When Harvey Weinstein's victims came forward, they provided accounts of the "wink-wink-nod-nod" culture of harassment that was so blatant that comedians actually joked about his behavior on national television.
The limited statistical data supports this assertion that harassment is not a clandestine action, but a part of the workplace culture for far too many companies.
A recent study published by National Public Radio reported that 81 percent of women and 43 percent of men have experienced sexual harassment. Specifically, this survey exposed that extraordinarily deviant behavior like sexual assault is actually fairly common.
These reports come 30 years after employers began regularly providing sexual harassment training for employees. In 1998, the Supreme Court issued two opinions that had an impact on employer sexual harassment training, deciding companies that have hosted sexual harassment training may be able to avoid liability in a lawsuit.
Since these opinions, employee training on harassment and discrimination has focused on legal standards. Front line management has been instructed on what the law defines as a "hostile work environment" and/or sexual discrimination.
Managers watch slideshows that walk through the history of federal employment law and the standards that apply. The ultimate goal has always been risk management.
While a good step, these trainings have not accomplished a great deal. Given the gravity and inequity of the situation, the Equal Employment Opportunity Commission, the federal agency tasked with enforcing federal employment law, issued a new directive in October 2017.
The EEOC announced that training should focus on treating employees decently as opposed to simply teaching managers to recognize risk. This training has widely been dubbed as "civility training."
The goal of the training is to encourage employees to treat each other with respect and decency. Further, employees are encouraged to come forward to management, if they observe a co-worker not being treated with respect.
This EEOC initiative has led to a number of positive reforms. Employers have instituted new forms of training that focus on an inclusive and healthy work environment instead of just avoiding a lawsuit.
Along these lines, employers also have reinforced policies that demand that co-workers treat each other with civility. However, these trainings sometimes fail to point out that there are times when it is difficult to act civil.

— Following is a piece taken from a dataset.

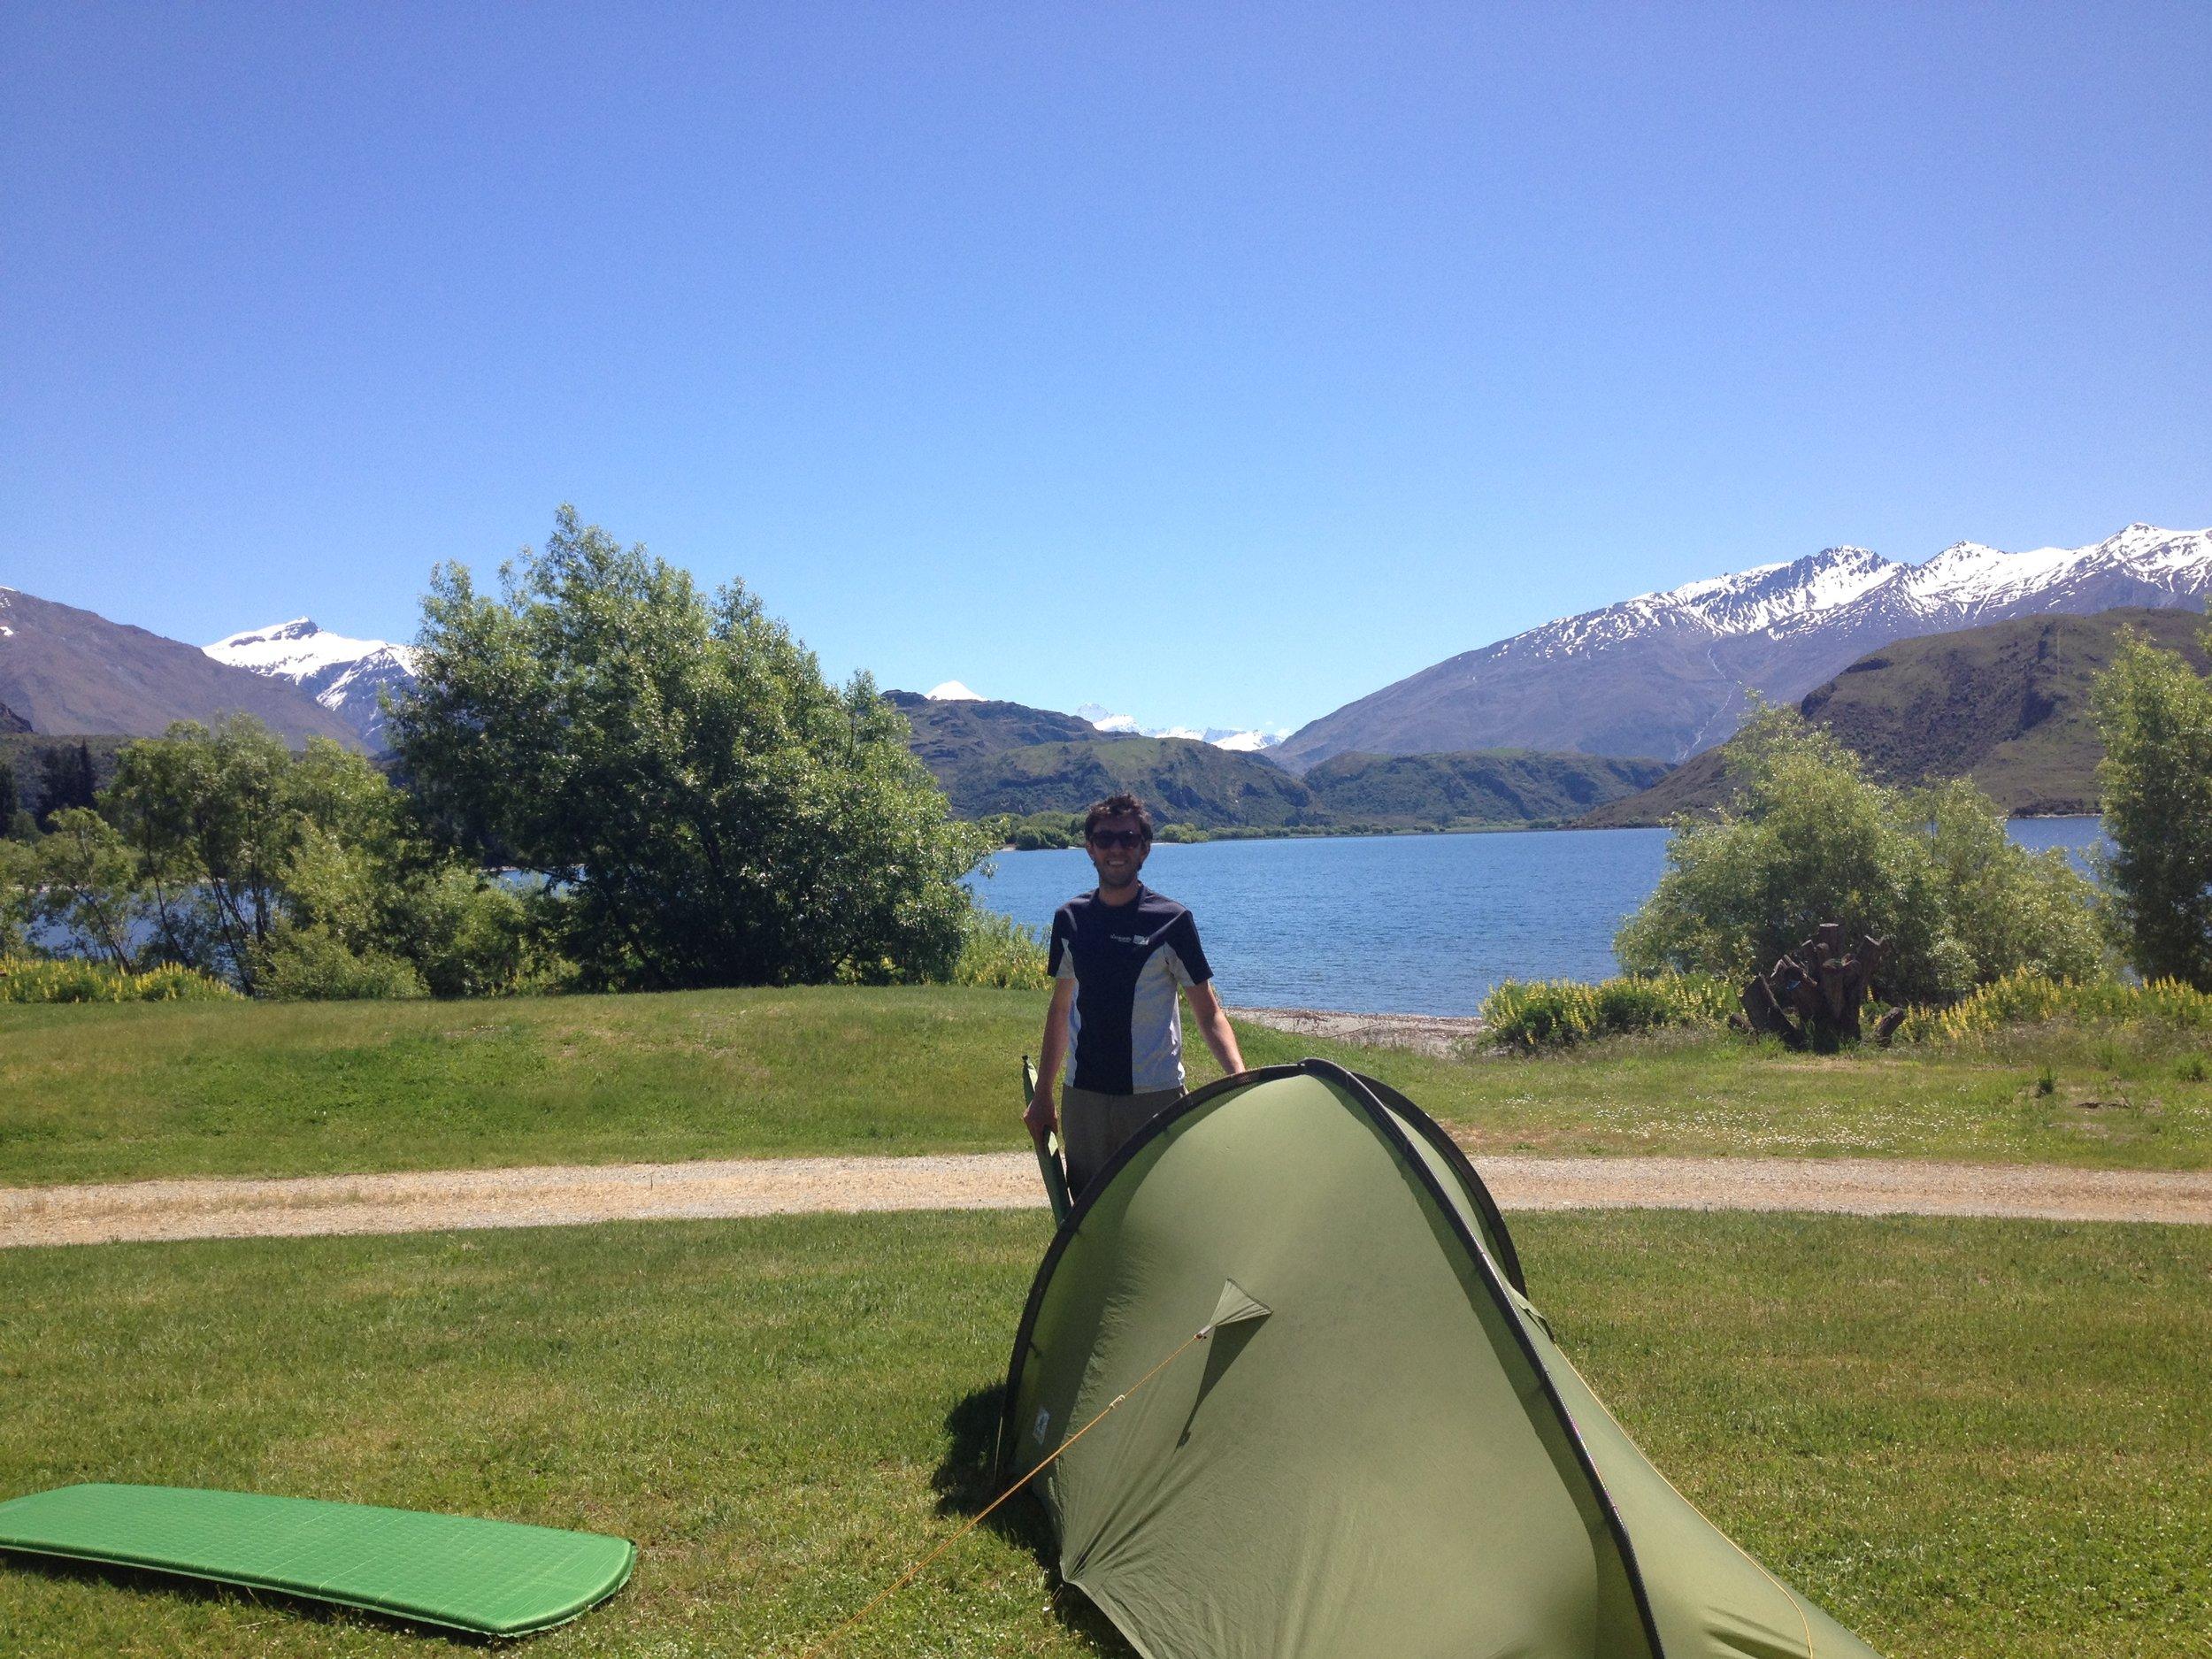 Gustavo enjoying the outdoors at Lake Wanaka, New Zealand (2016). Photo courtesy of Samantha Mikus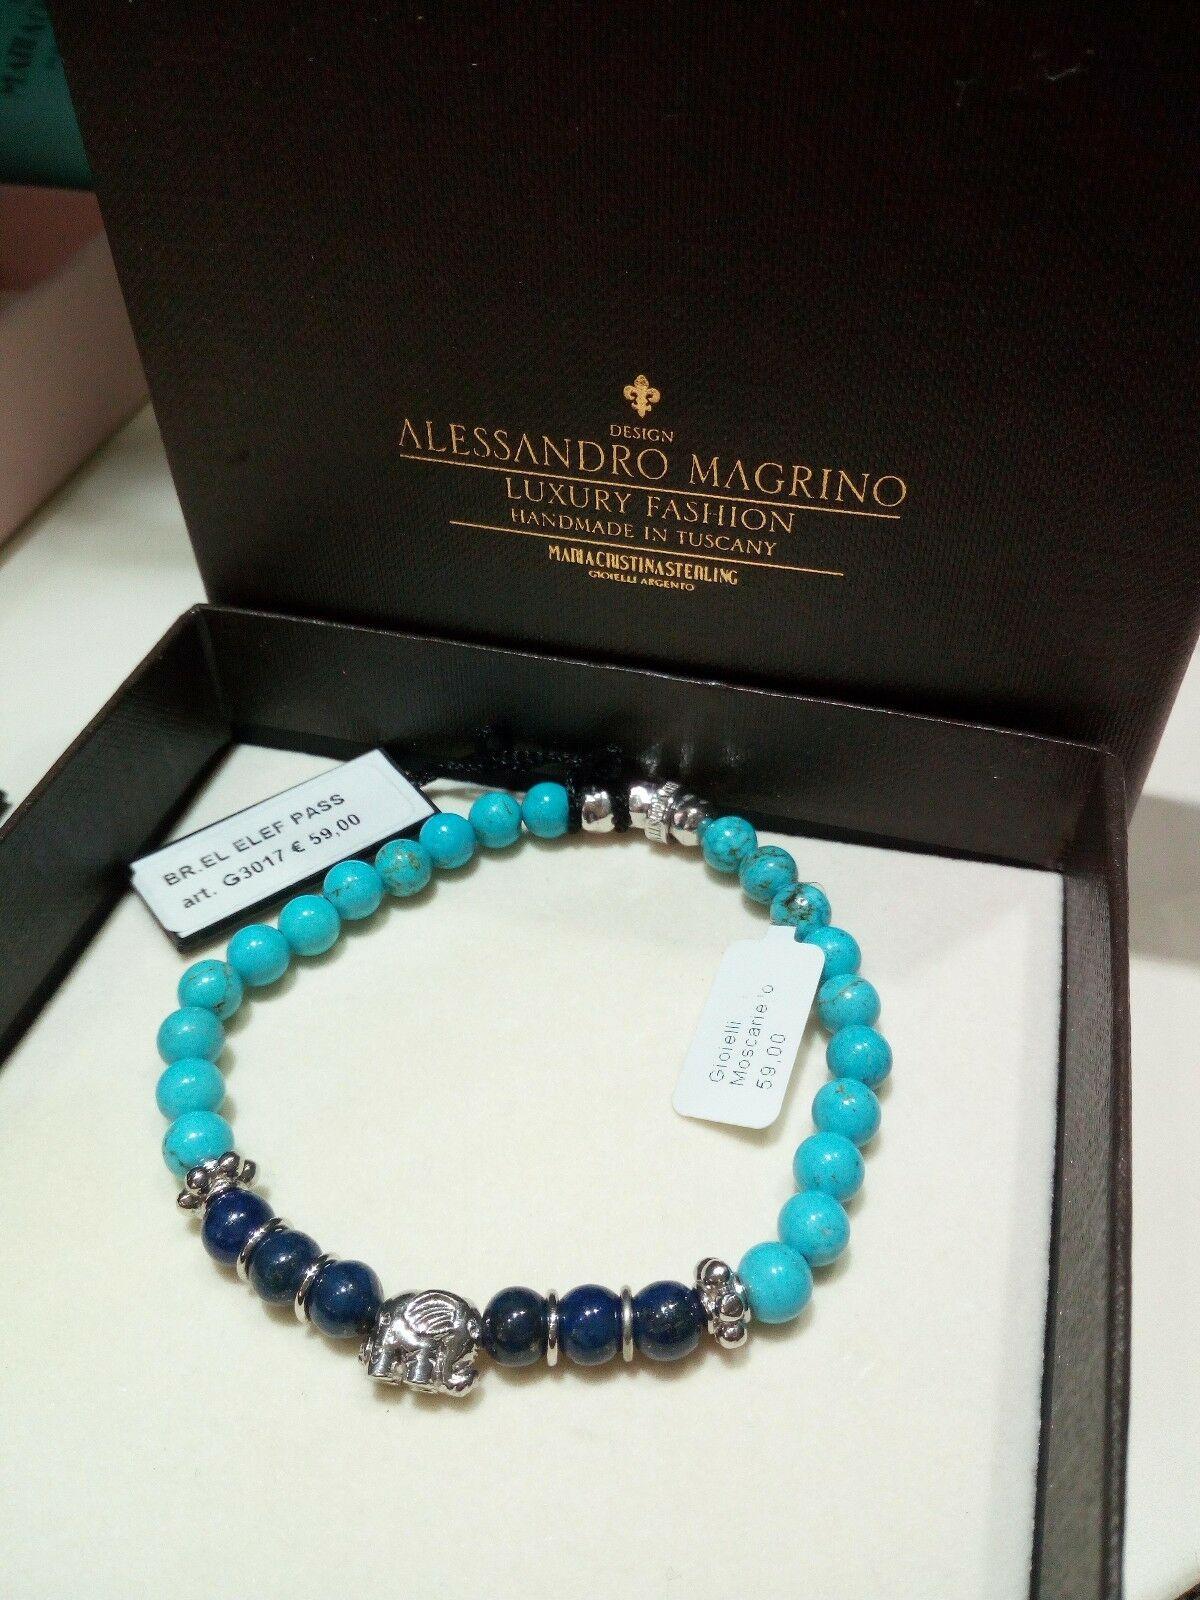 Bracciale Maria Cristina Sterling Argento Ebano e Aulite G3017

When an employee has been harassed based on sex or race, the employee's response may not be civil as defined by the employer's code of conduct. Similarly, when an employee is frustrated from a perceived lack of response by management to his or her complaints of harassment or discrimination, the employee might behave in a way that defies the guidelines of civility.
The employer's response to an uncivil response in the face of harassment could define other employees' expectations of whether they can come forward. Even with the most noble of intentions, employers must understand the context of an employee's actions before taking disciplinary action.
If a person has stepped outside the bounds of civility because he or she has been treated in a grossly uncivil manner, any discipline against that employee could be seen as retaliation instead of enforcing workplace codes of conduct.